Collected data
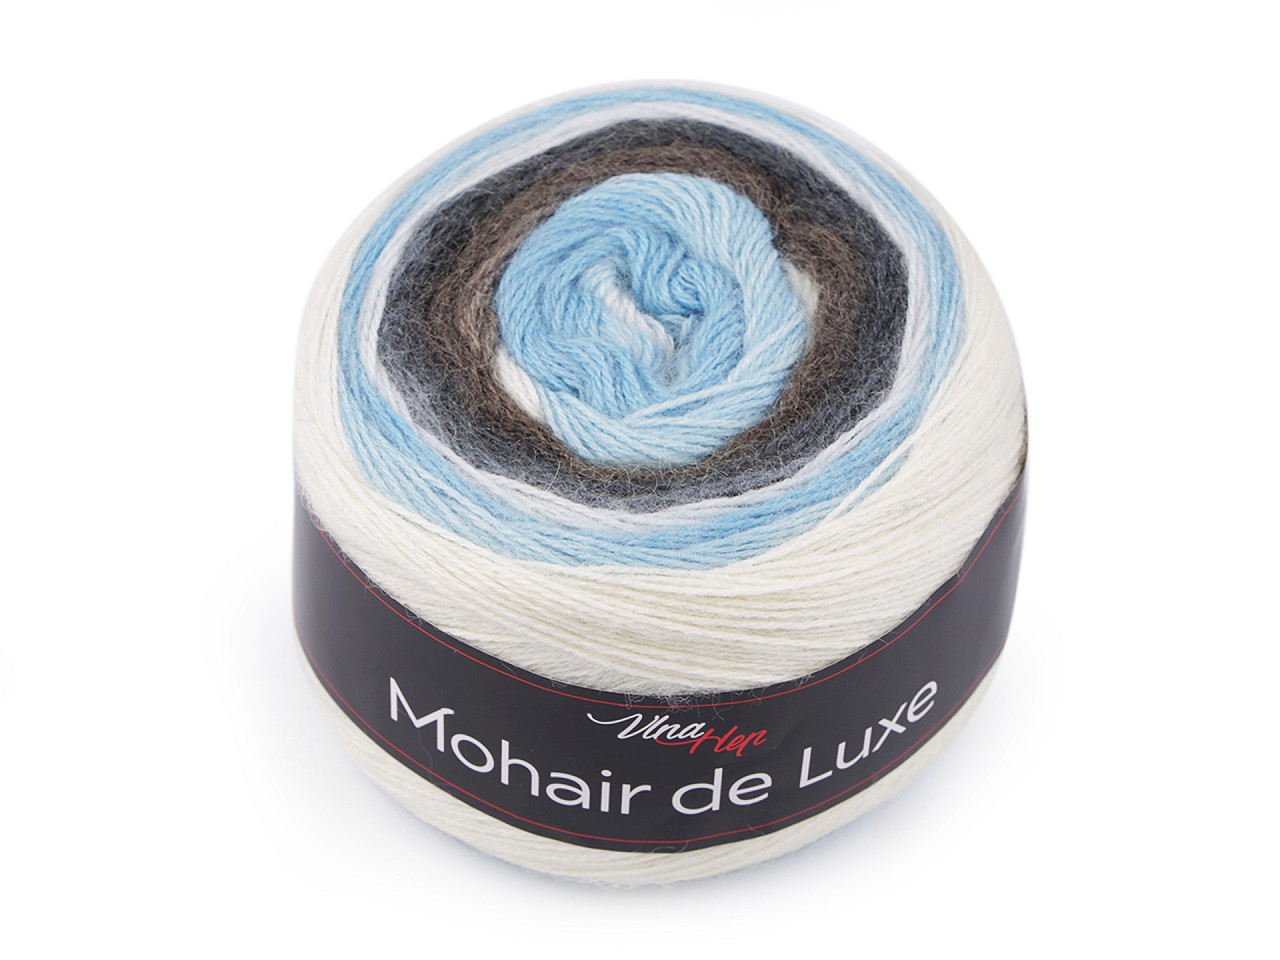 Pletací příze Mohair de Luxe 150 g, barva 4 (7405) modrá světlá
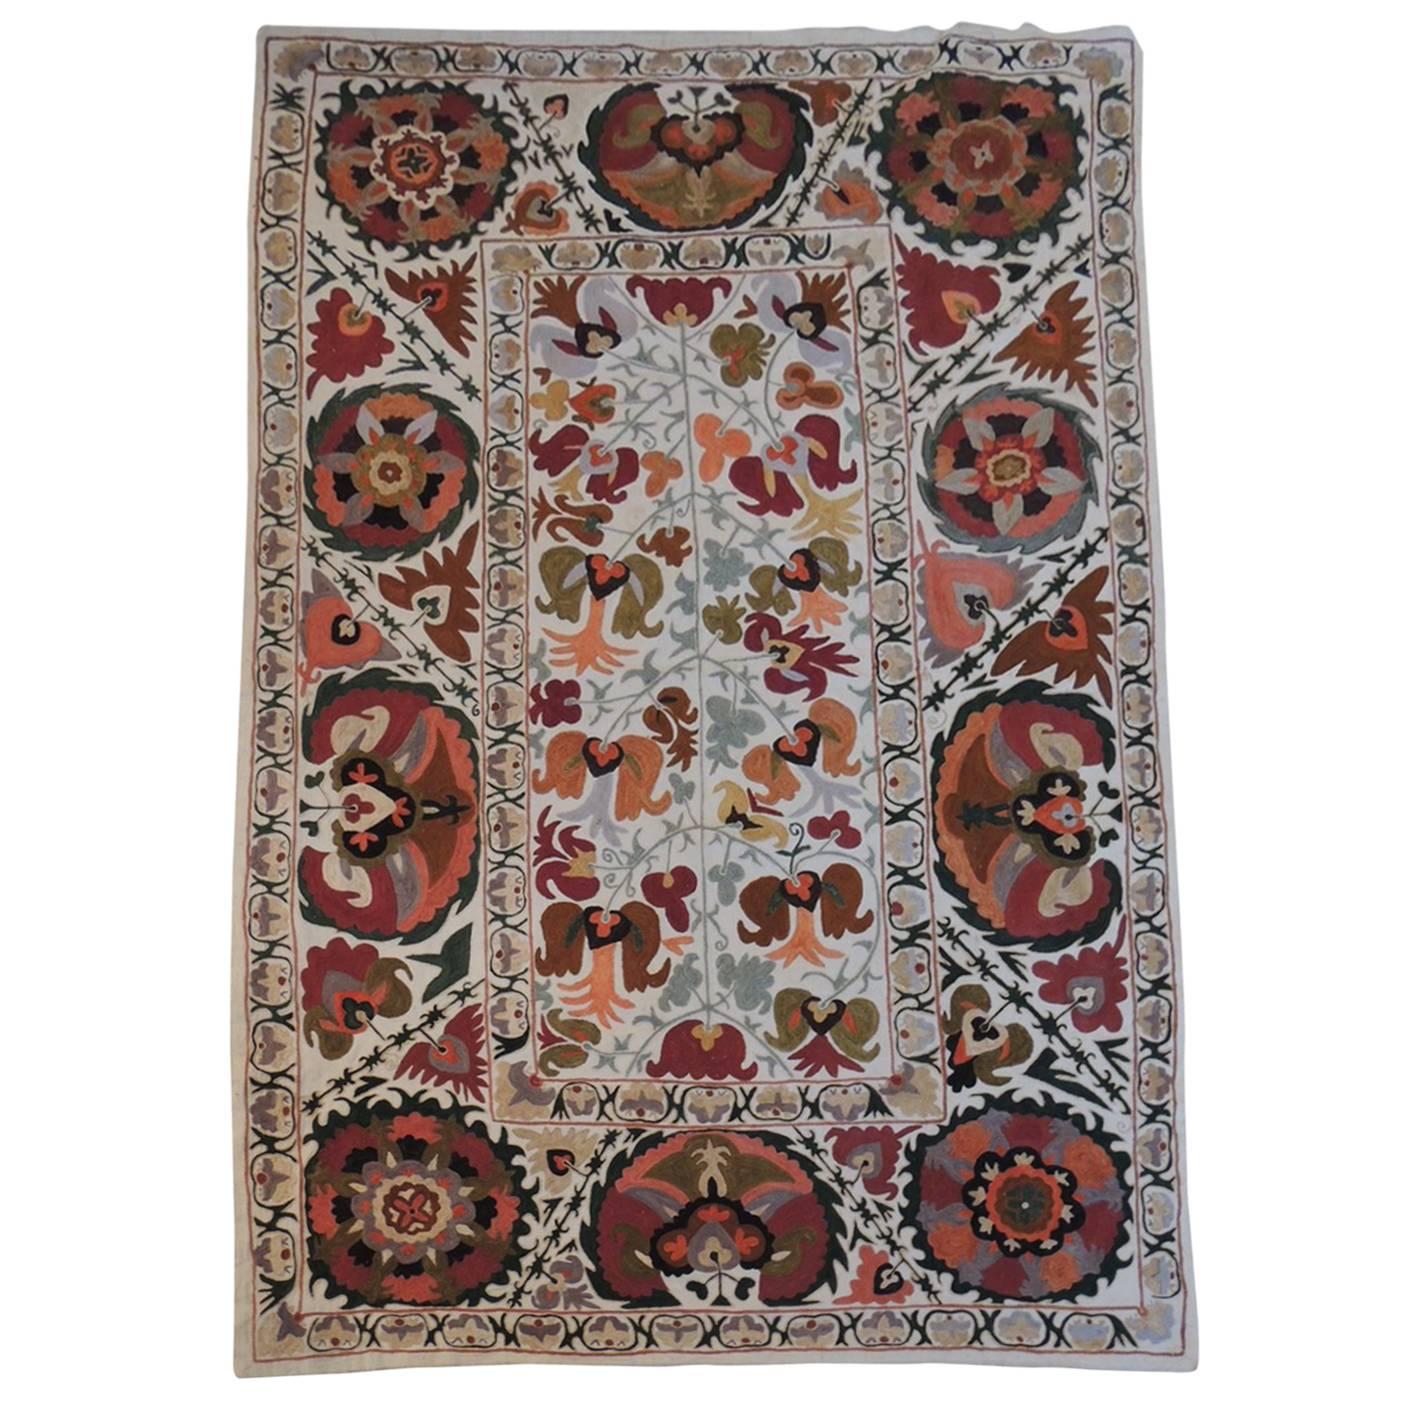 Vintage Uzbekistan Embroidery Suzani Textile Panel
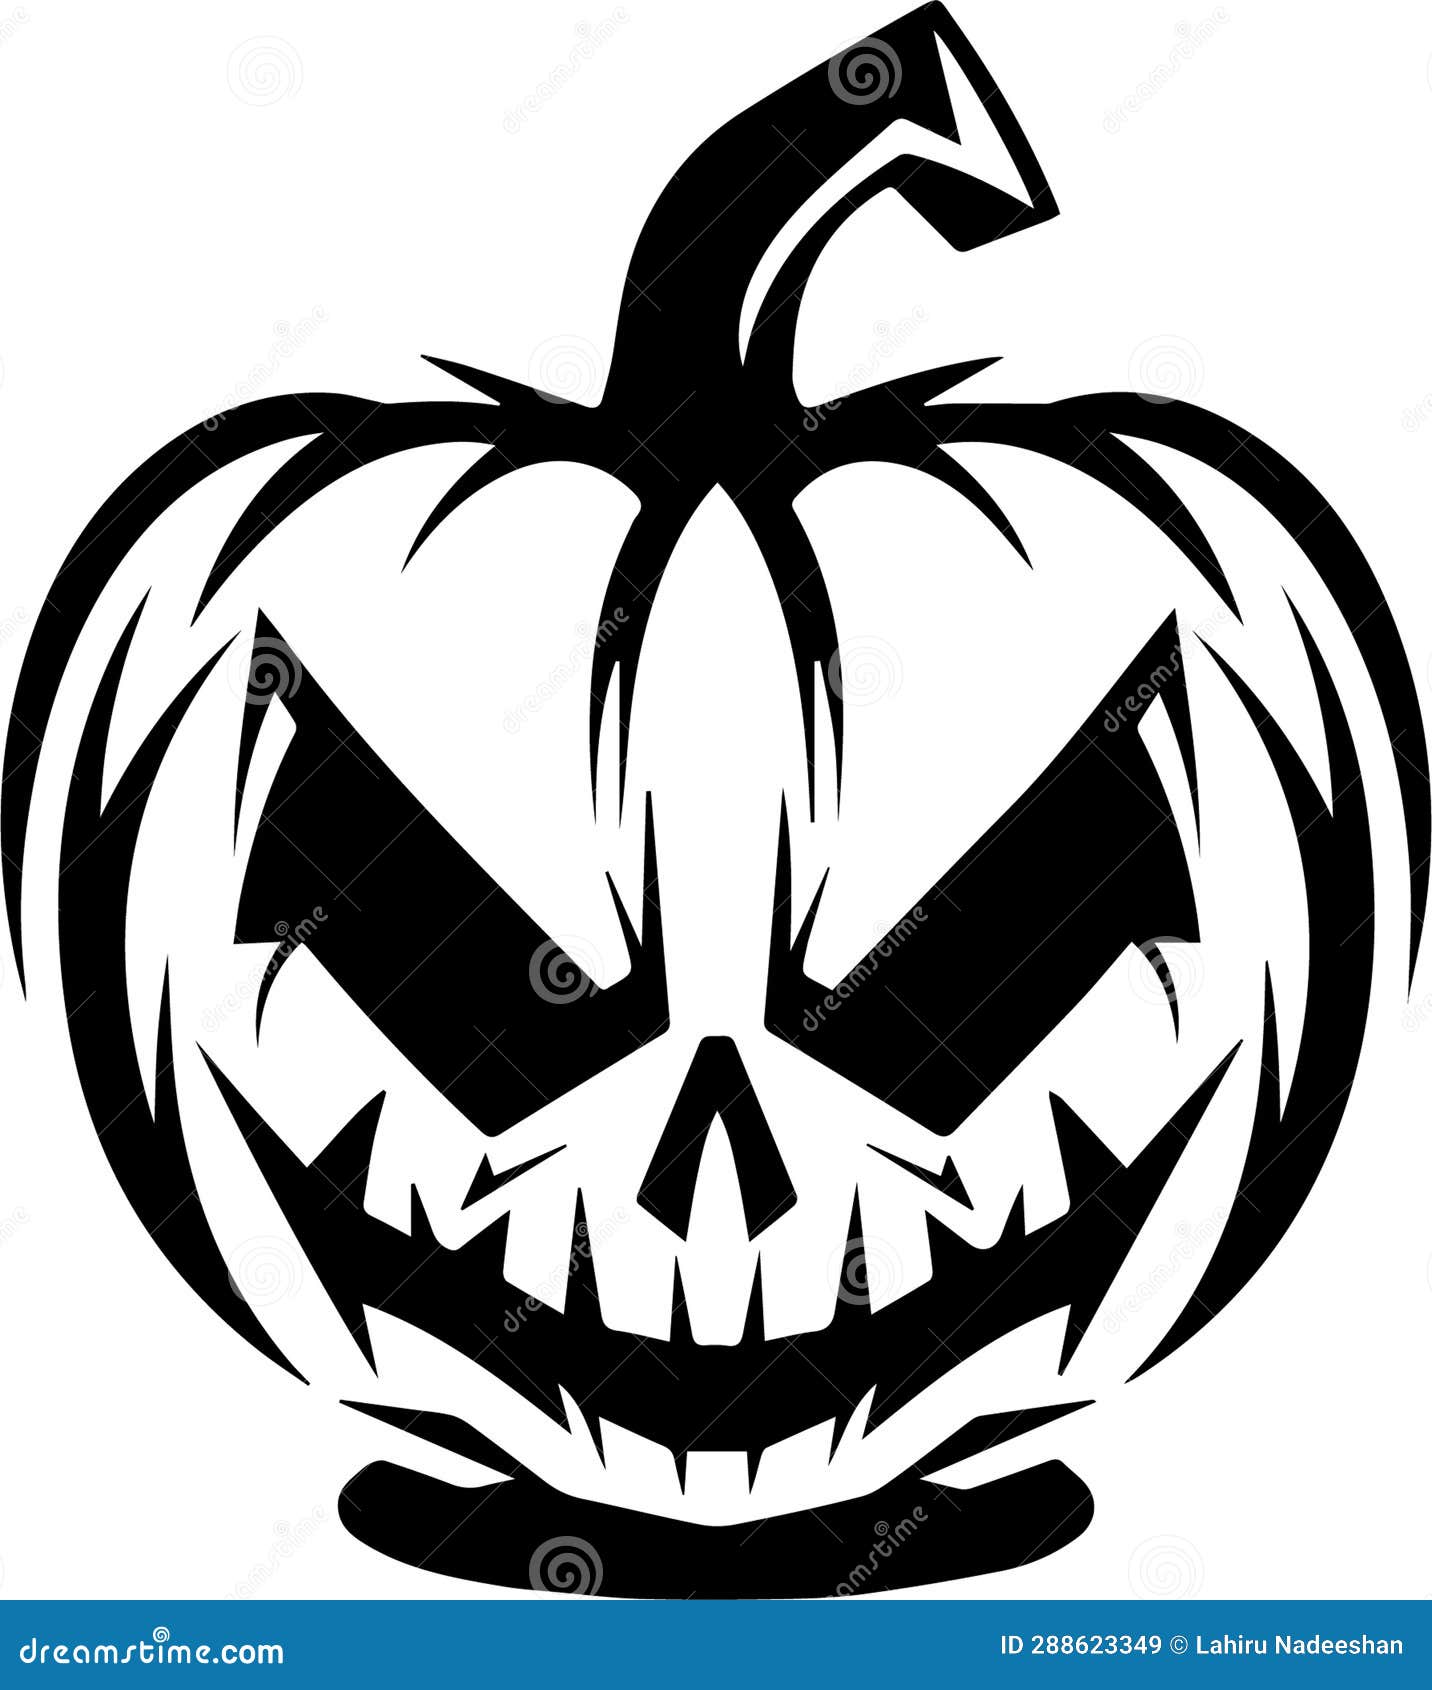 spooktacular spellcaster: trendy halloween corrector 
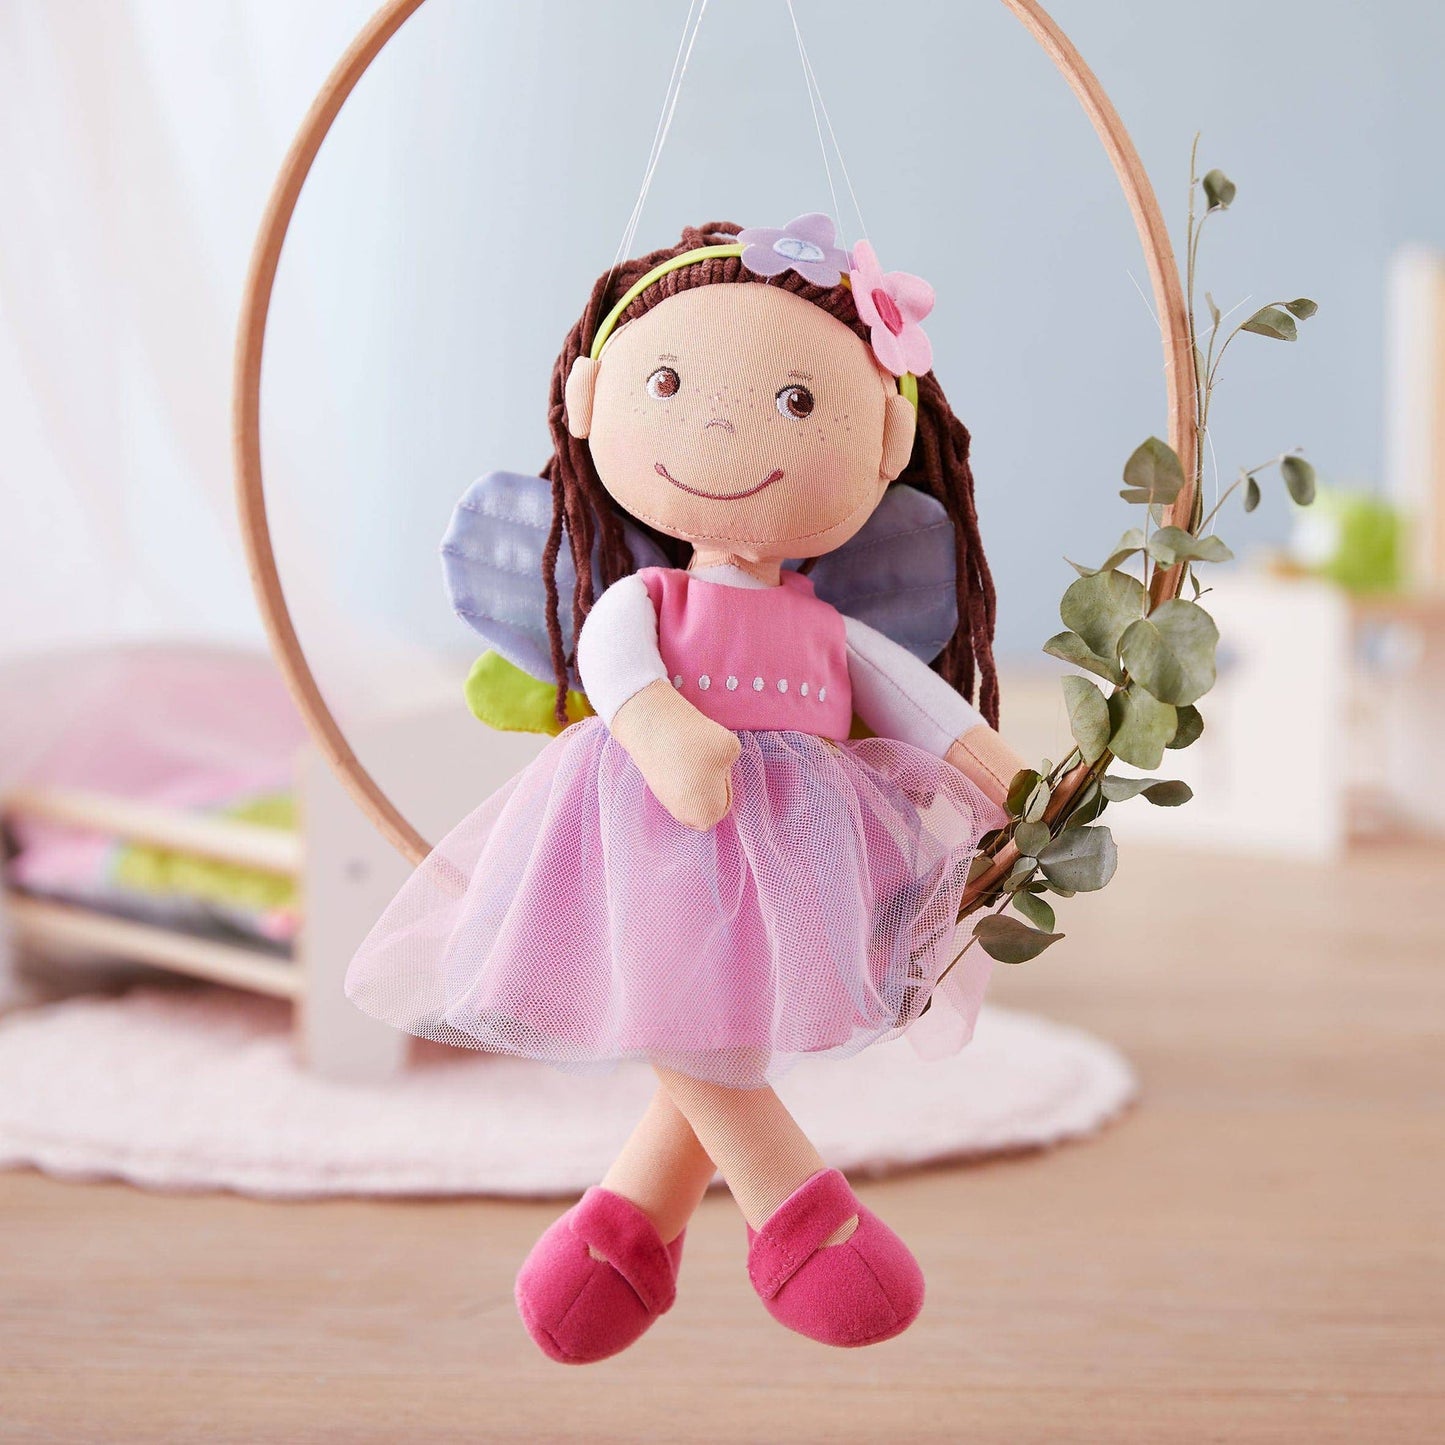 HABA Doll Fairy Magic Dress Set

Your goal
A word-for-word copy of the data above is needed, one that omits the pictures.

Solution below
 Pletací příze Mohair de Luxe 150 g, barva 4 (7405) modrá světlá
 Vintage Uzbekistan Embroidery Suzani Textile Panel
 spooktacular spellcaster: trendy halloween corrector 
 HABA Doll Fairy Magic Dress Set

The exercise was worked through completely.